(EXERCISE DATA):
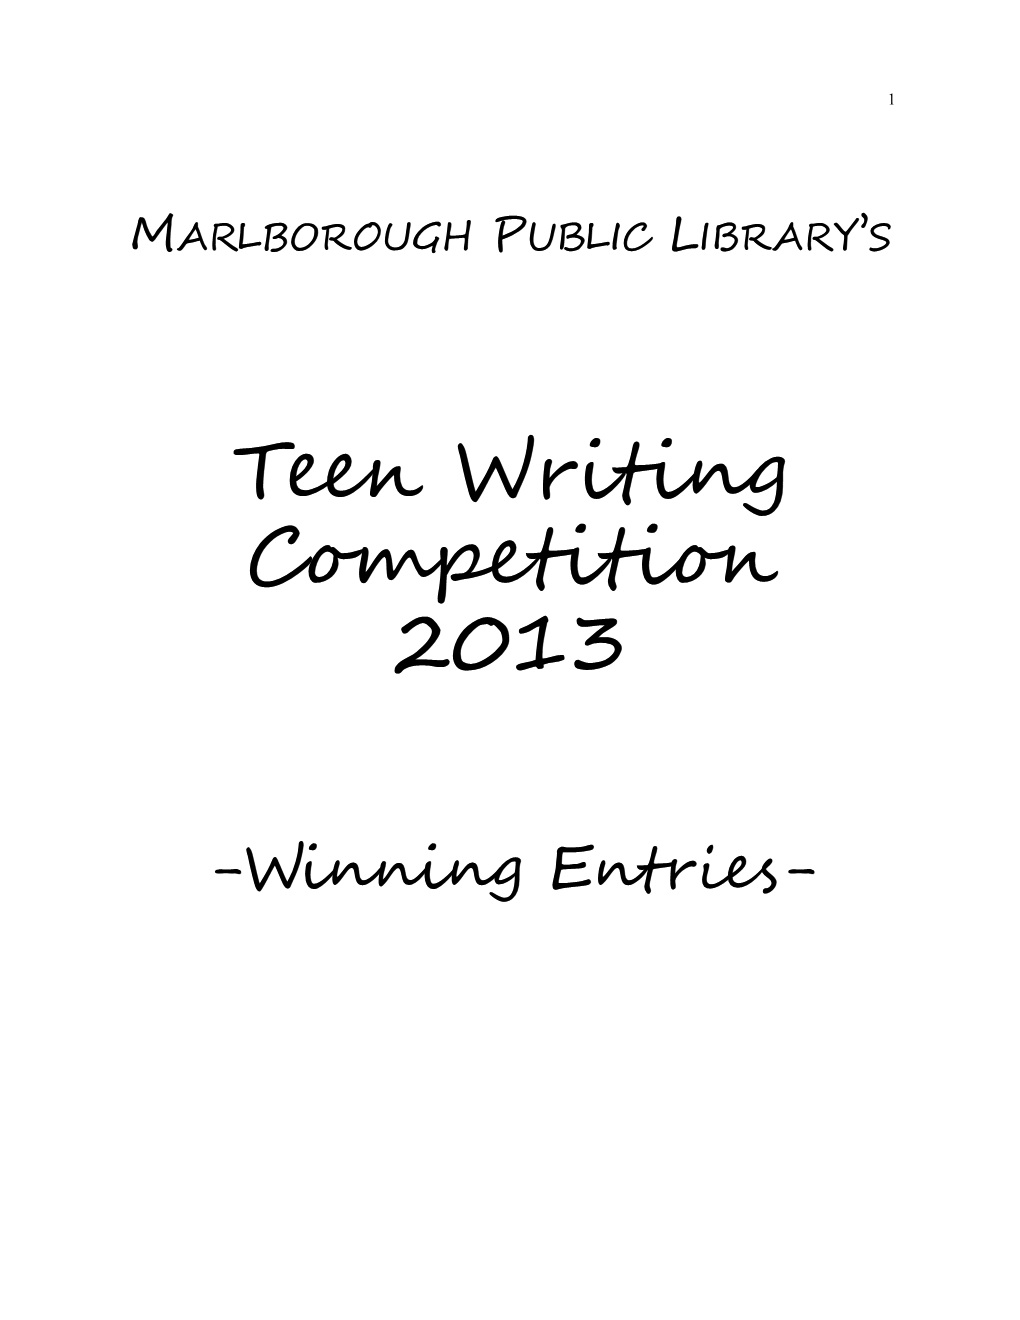 Teen Writing Competition 2013
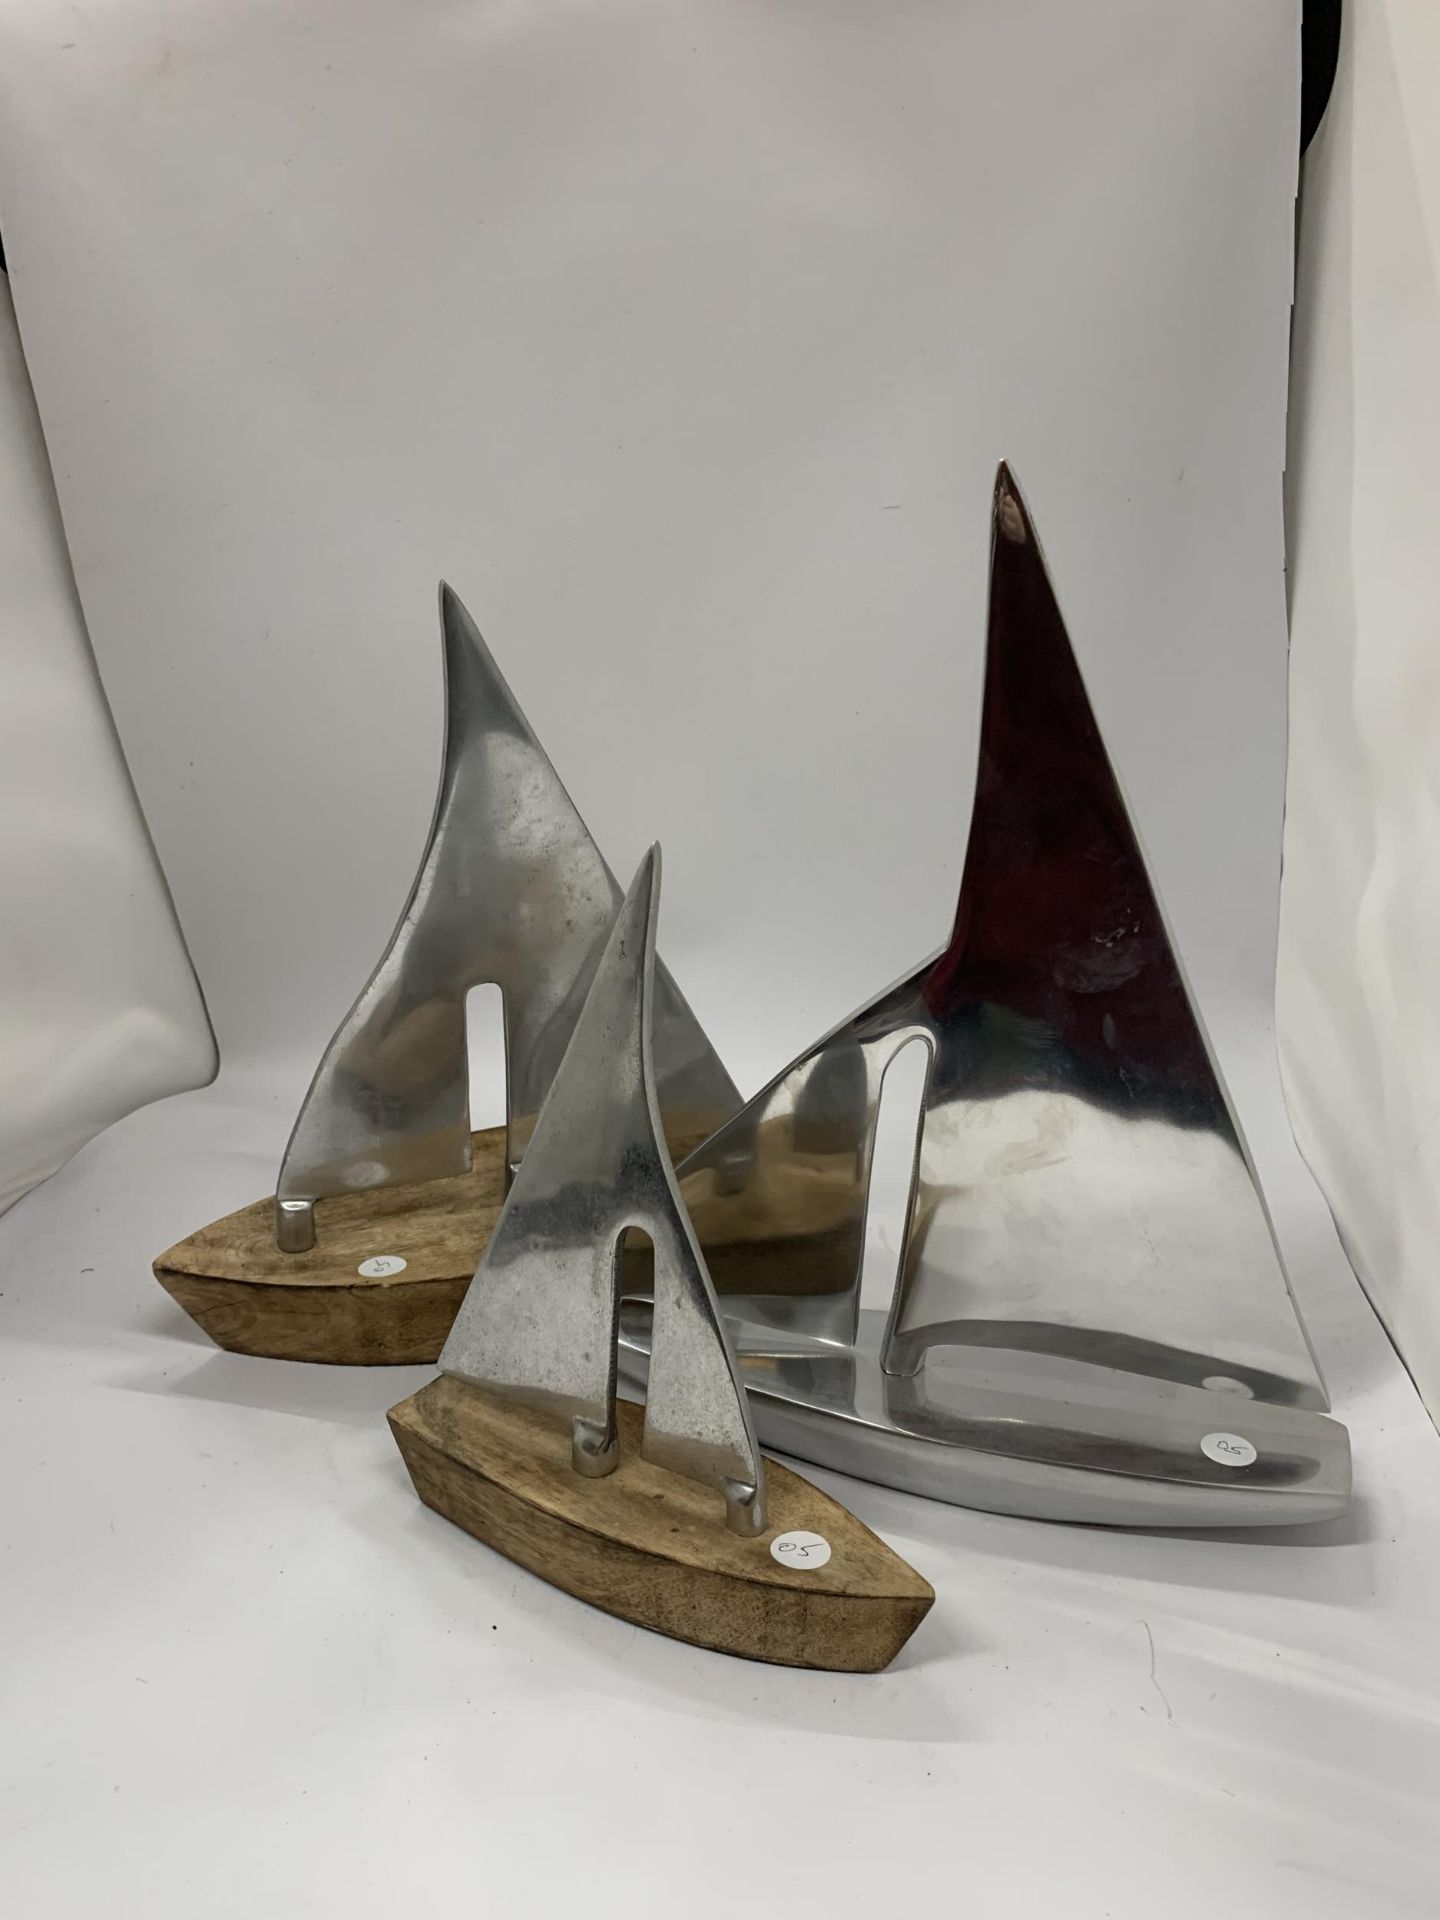 A COLLECTION OF THREE DANISH CHROME SHIP MODELS
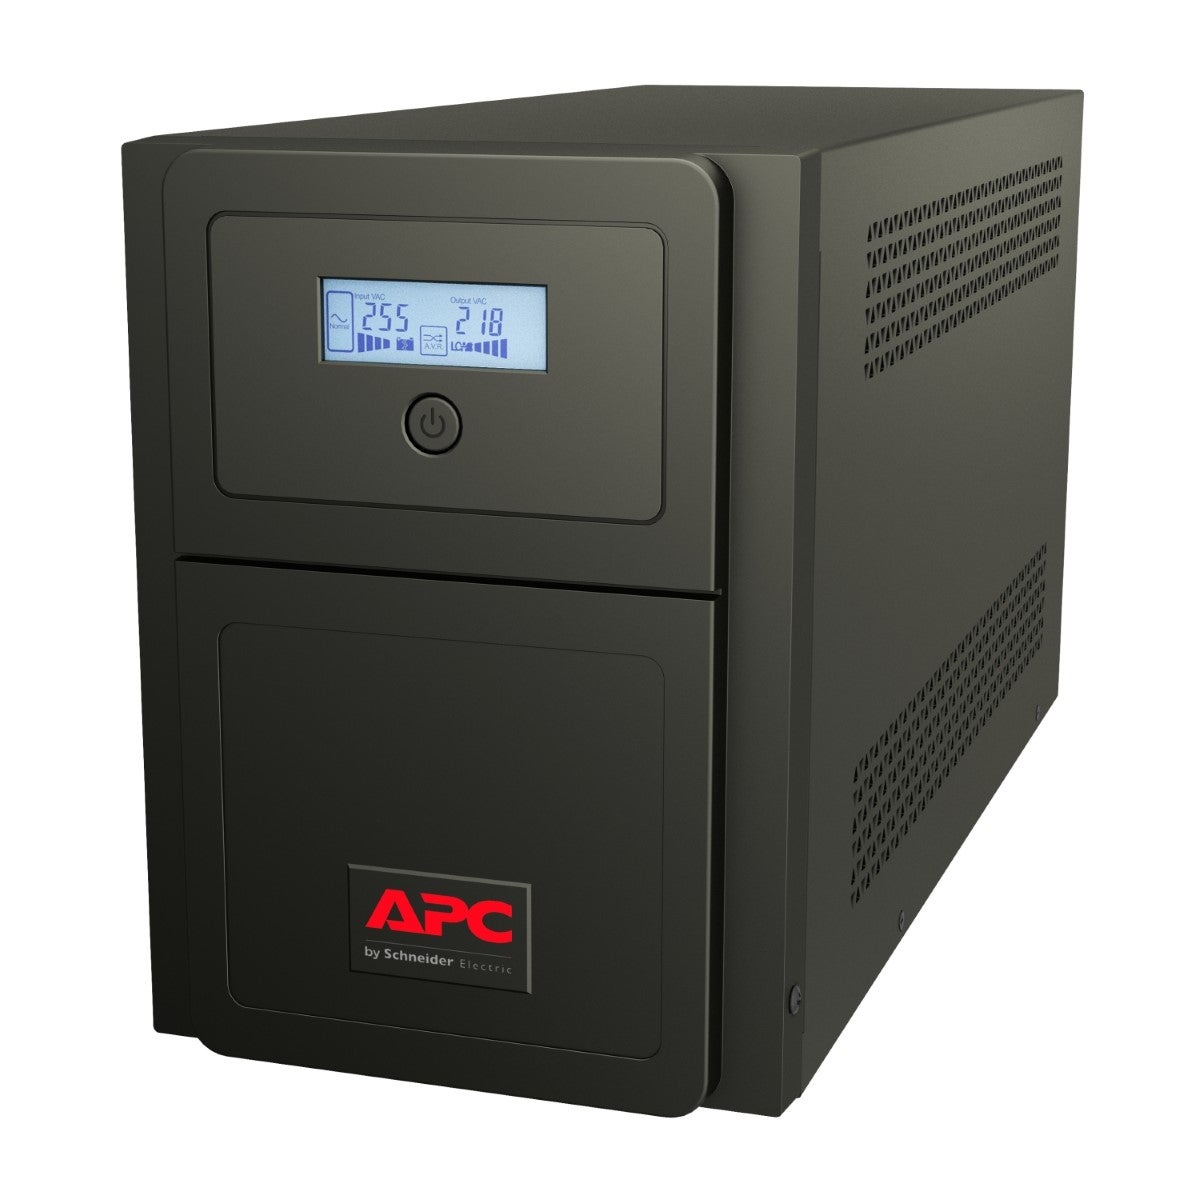 APC Easy UPS 1 Ph Line Interactive, 1000VA, Tower, 230V, 4 Universal outlets, AVR, LCD

(TASK ITEM): Reproduce the entire listing exactly, except for any pictures it contains.

(ANSWER TO THIS EXERCISE):
 Teen Writing Competition 2013
 A COLLECTION OF THREE DANISH CHROME SHIP MODELS
 APC Easy UPS 1 Ph Line Interactive, 1000VA, Tower, 230V, 4 Universal outlets, AVR, LCD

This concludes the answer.